# [What is needed]
Repeat the listing word for word. No pictures belong in the copy.

----- Recorded data

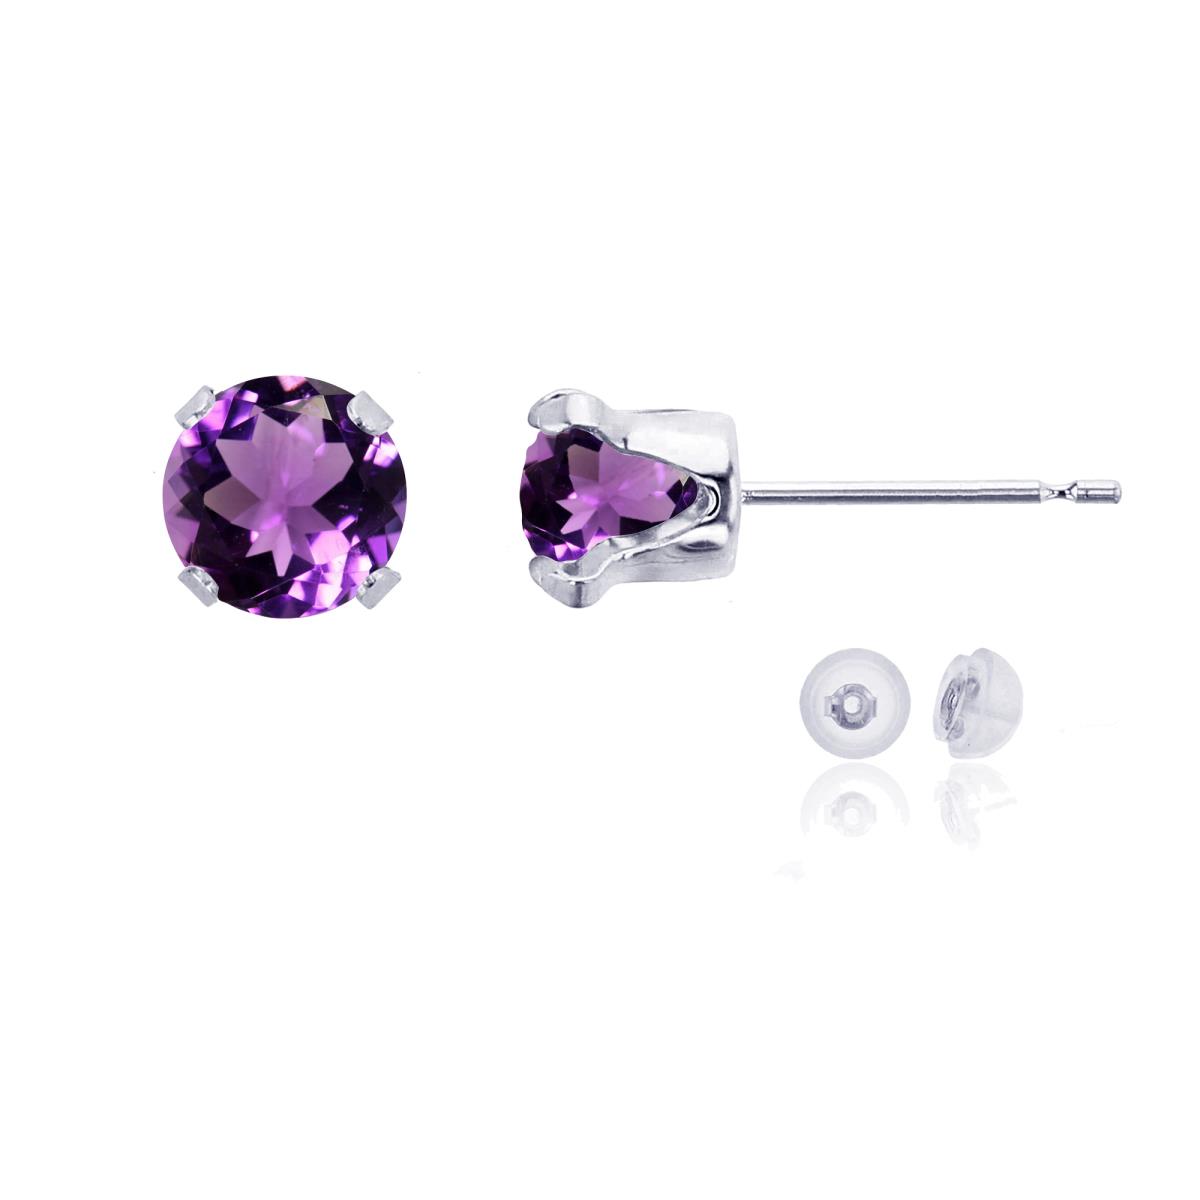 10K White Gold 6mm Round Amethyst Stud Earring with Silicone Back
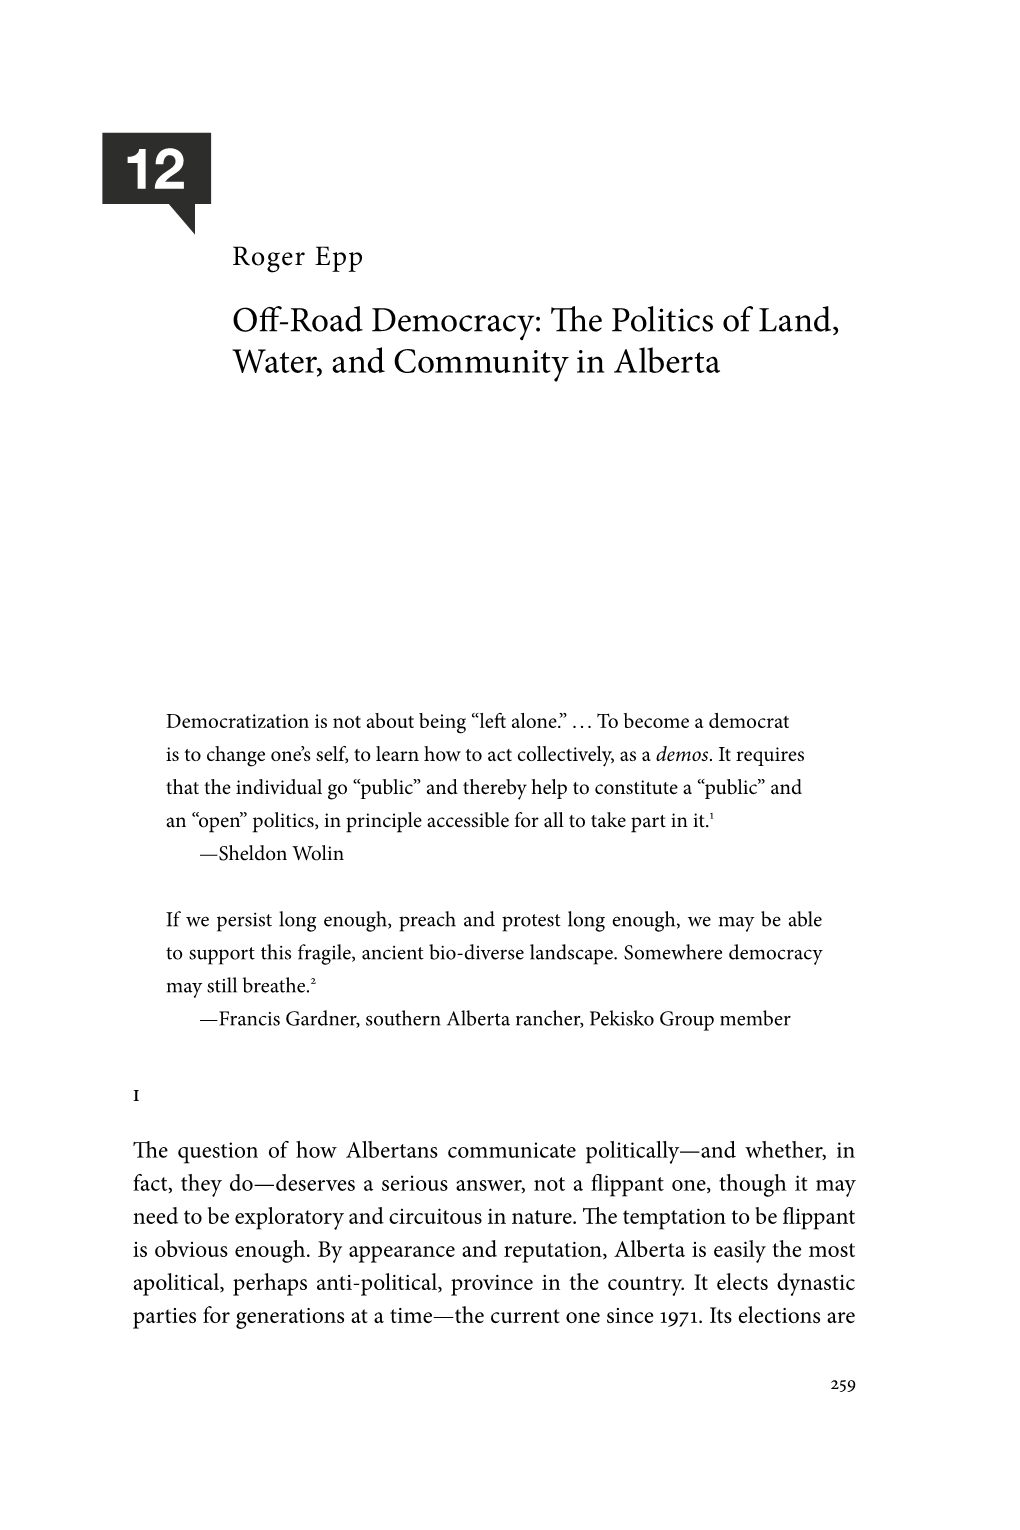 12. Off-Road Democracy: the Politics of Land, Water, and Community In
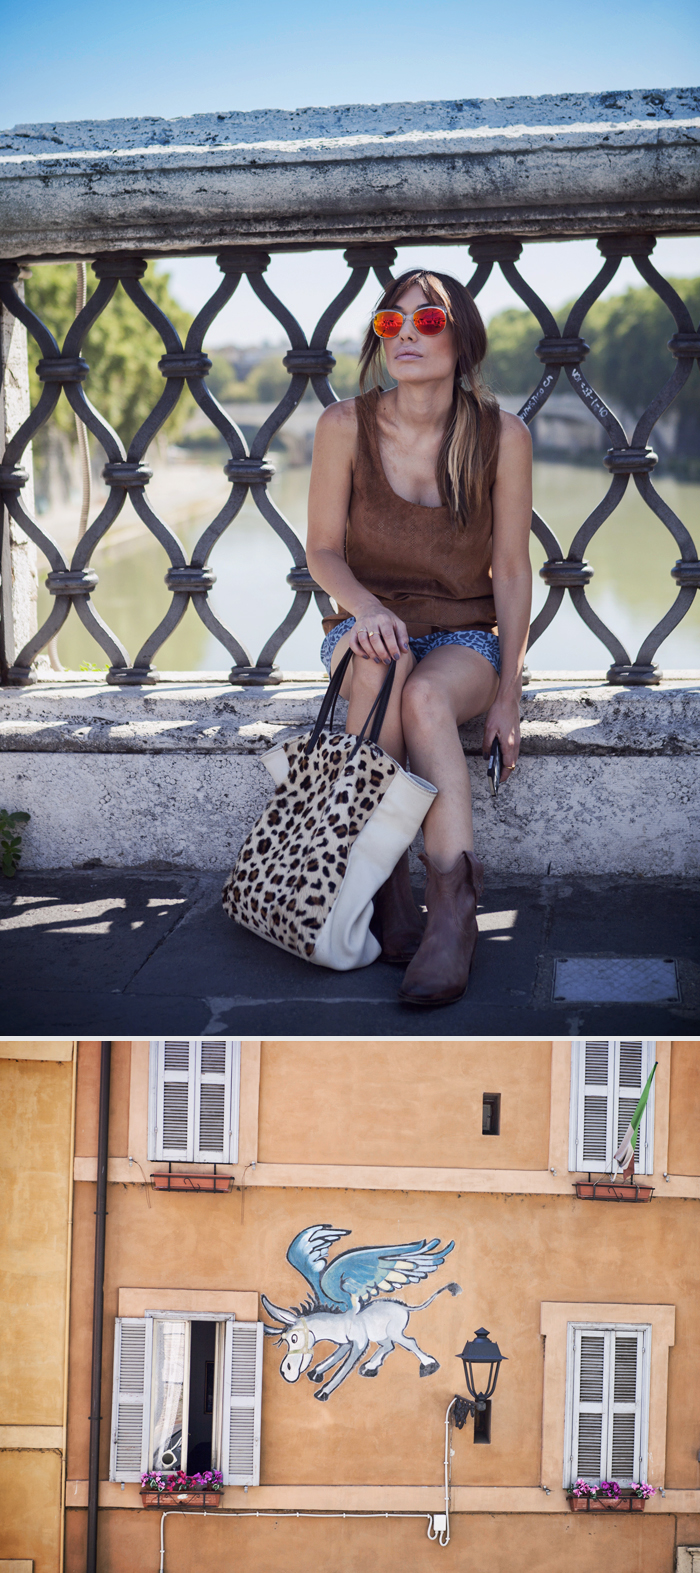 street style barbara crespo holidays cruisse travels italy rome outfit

----------

# [Answer below]
 10K White Gold 6mm Round Amethyst Stud Earring with Silicone Back
 12. Off-Road Democracy: the Politics of Land, Water, and Community In
 street style barbara crespo holidays cruisse travels italy rome outfit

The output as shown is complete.